Each line in the material below, starting at the one with "Shop Men's Black" and ending at the one with "I’ve learned to", is to be reproduced exactly; no picture is to be copied.

## GIVEN DATA
○ ○ ○ ○ ○
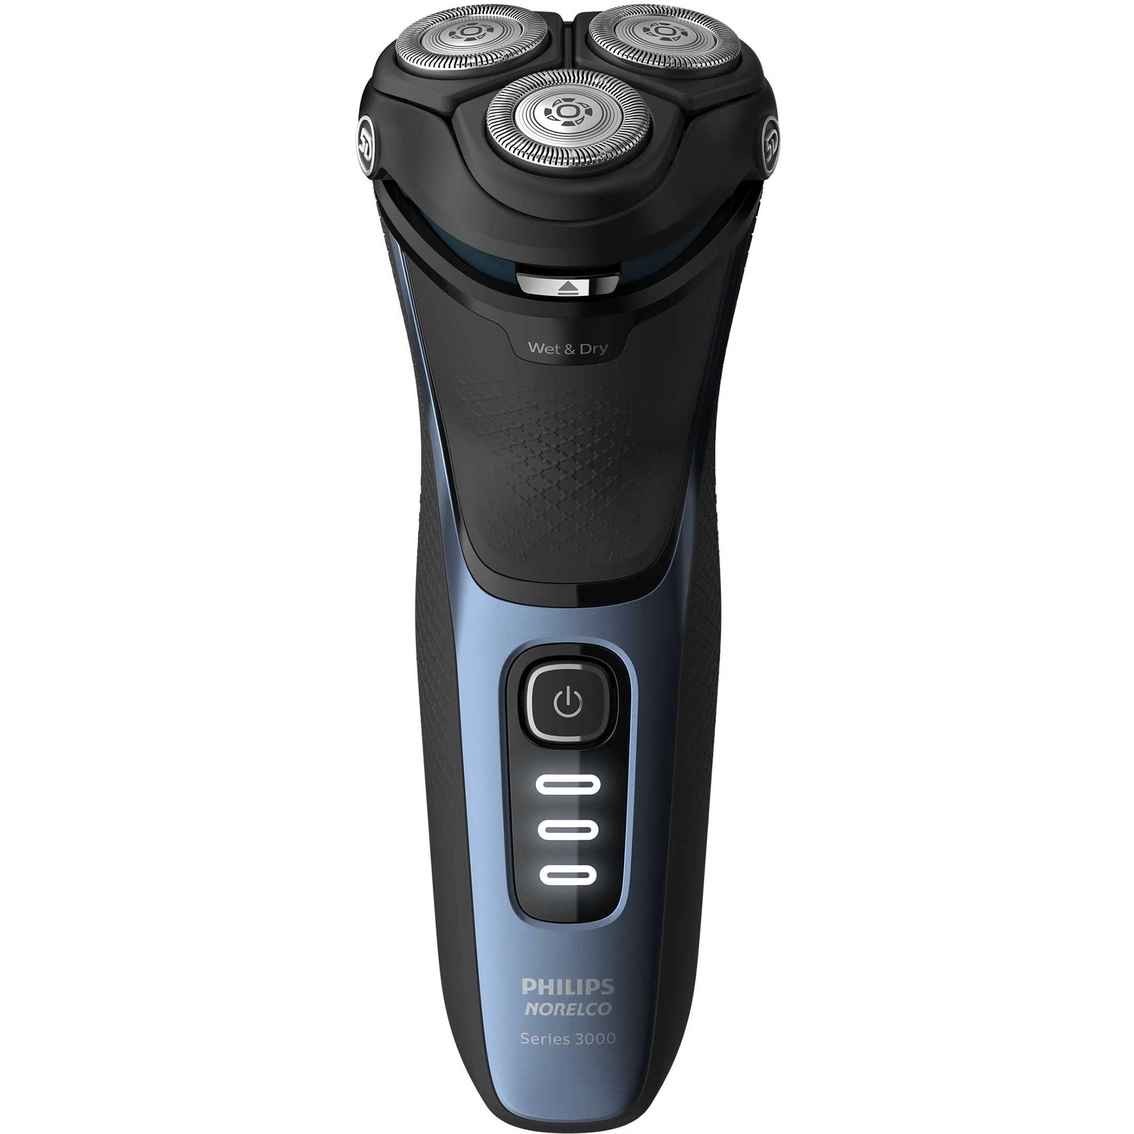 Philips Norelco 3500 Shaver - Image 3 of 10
○ ○ ○ ○ ○
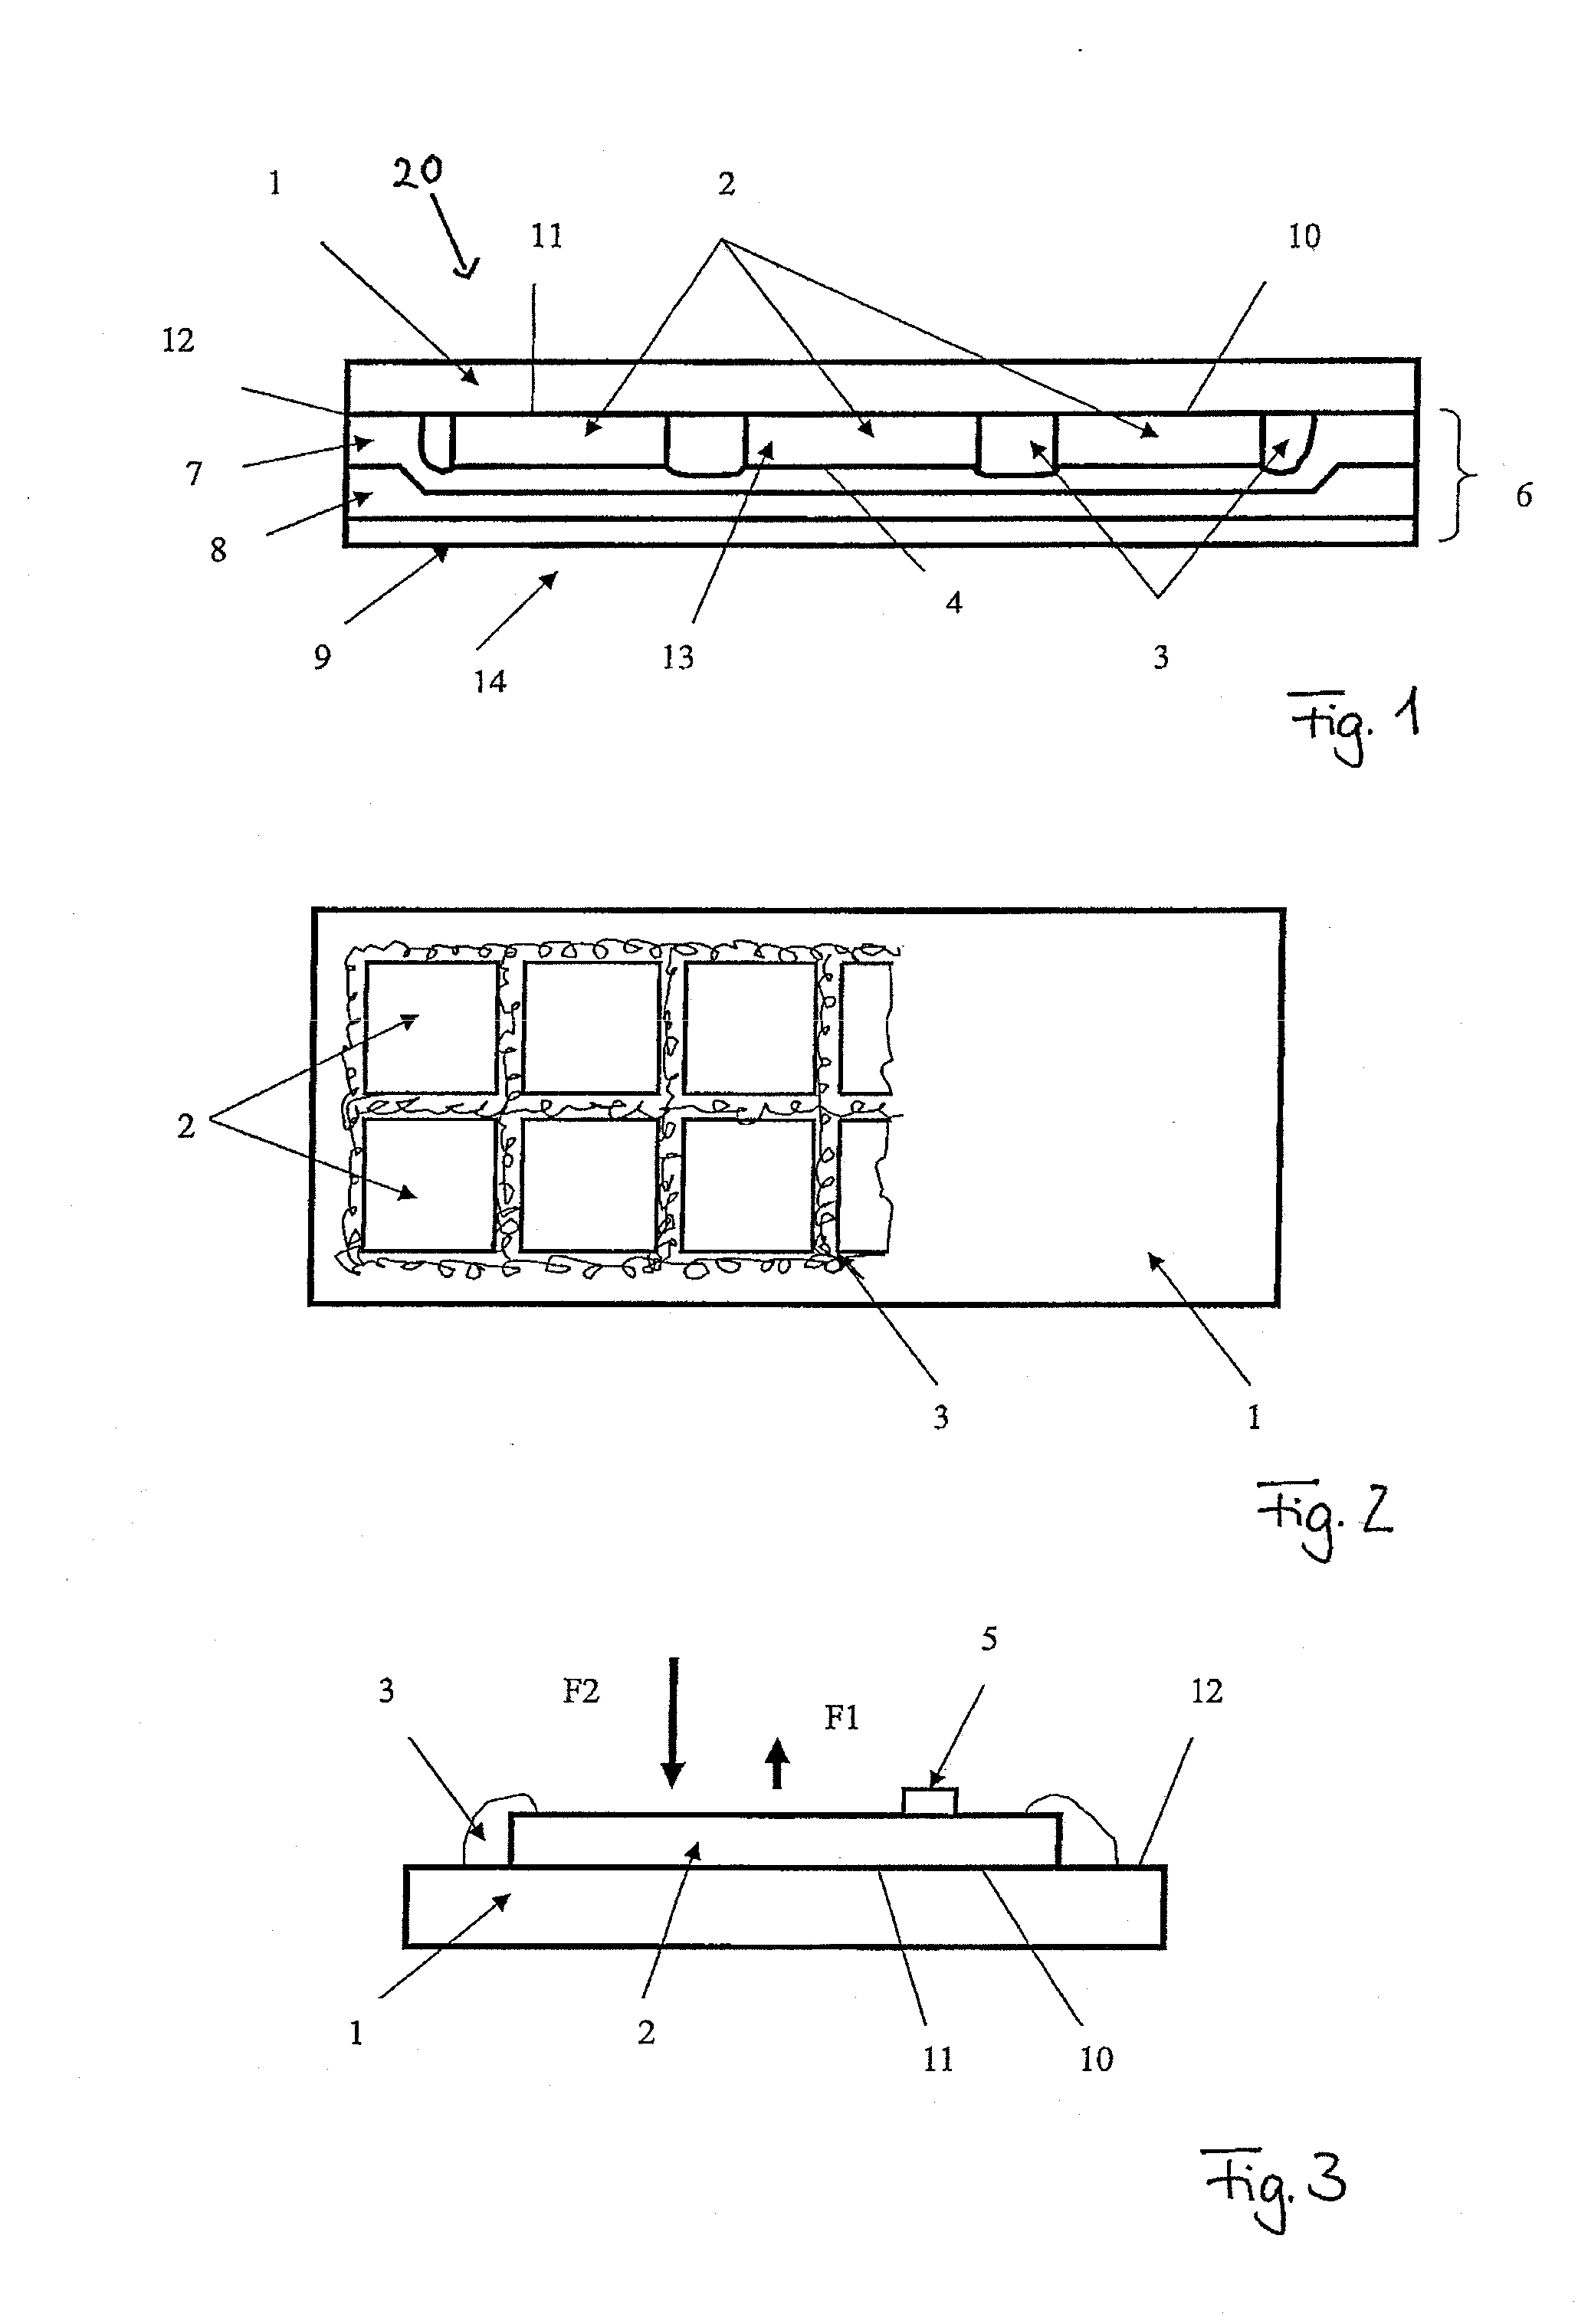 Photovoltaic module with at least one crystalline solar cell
○ ○ ○ ○ ○
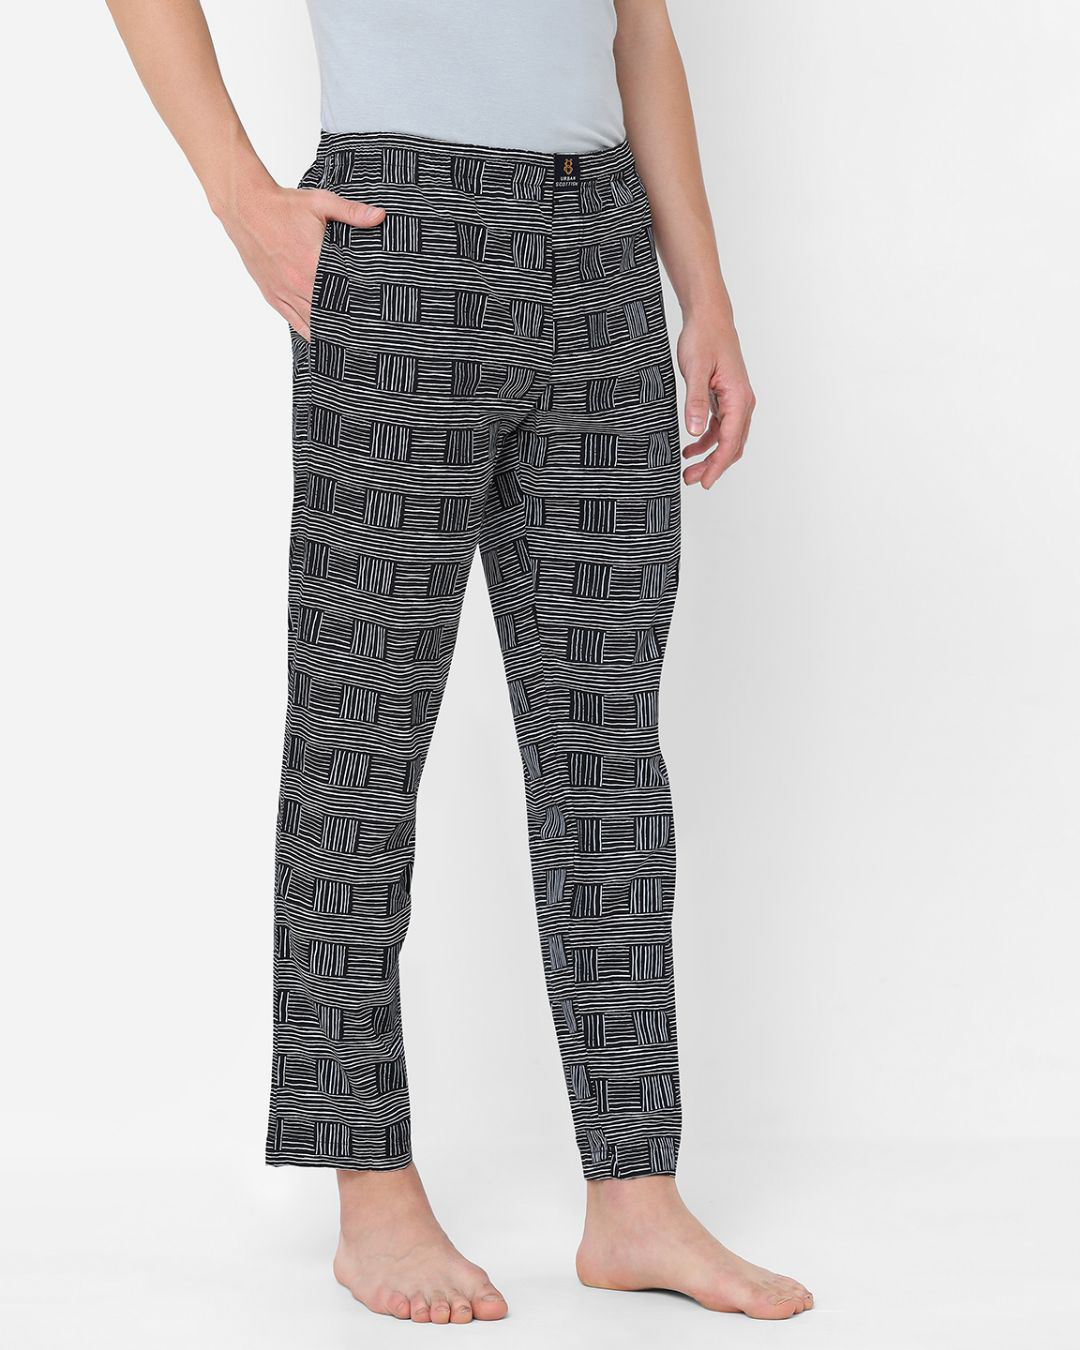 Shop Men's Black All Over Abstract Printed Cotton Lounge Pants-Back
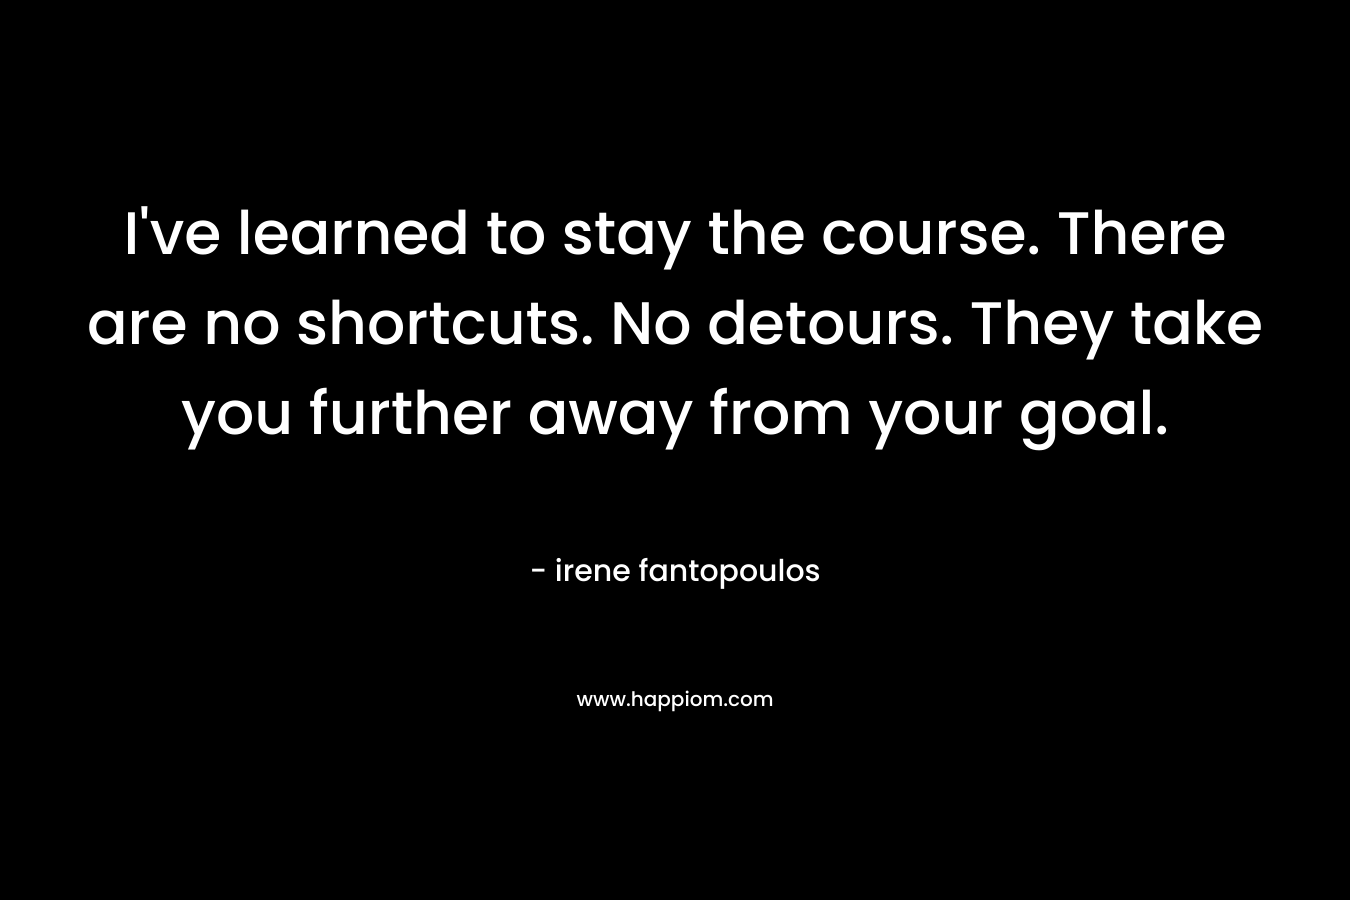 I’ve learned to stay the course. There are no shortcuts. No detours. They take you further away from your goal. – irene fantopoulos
○ ○ ○ ○ ○
## FINAL ANSWER
 Shop Men's Black All Over Abstract Printed Cotton Lounge Pants-Back
 I’ve learned to stay the course. There are no shortcuts. No detours. They take you further away from your goal. – irene fantopoulos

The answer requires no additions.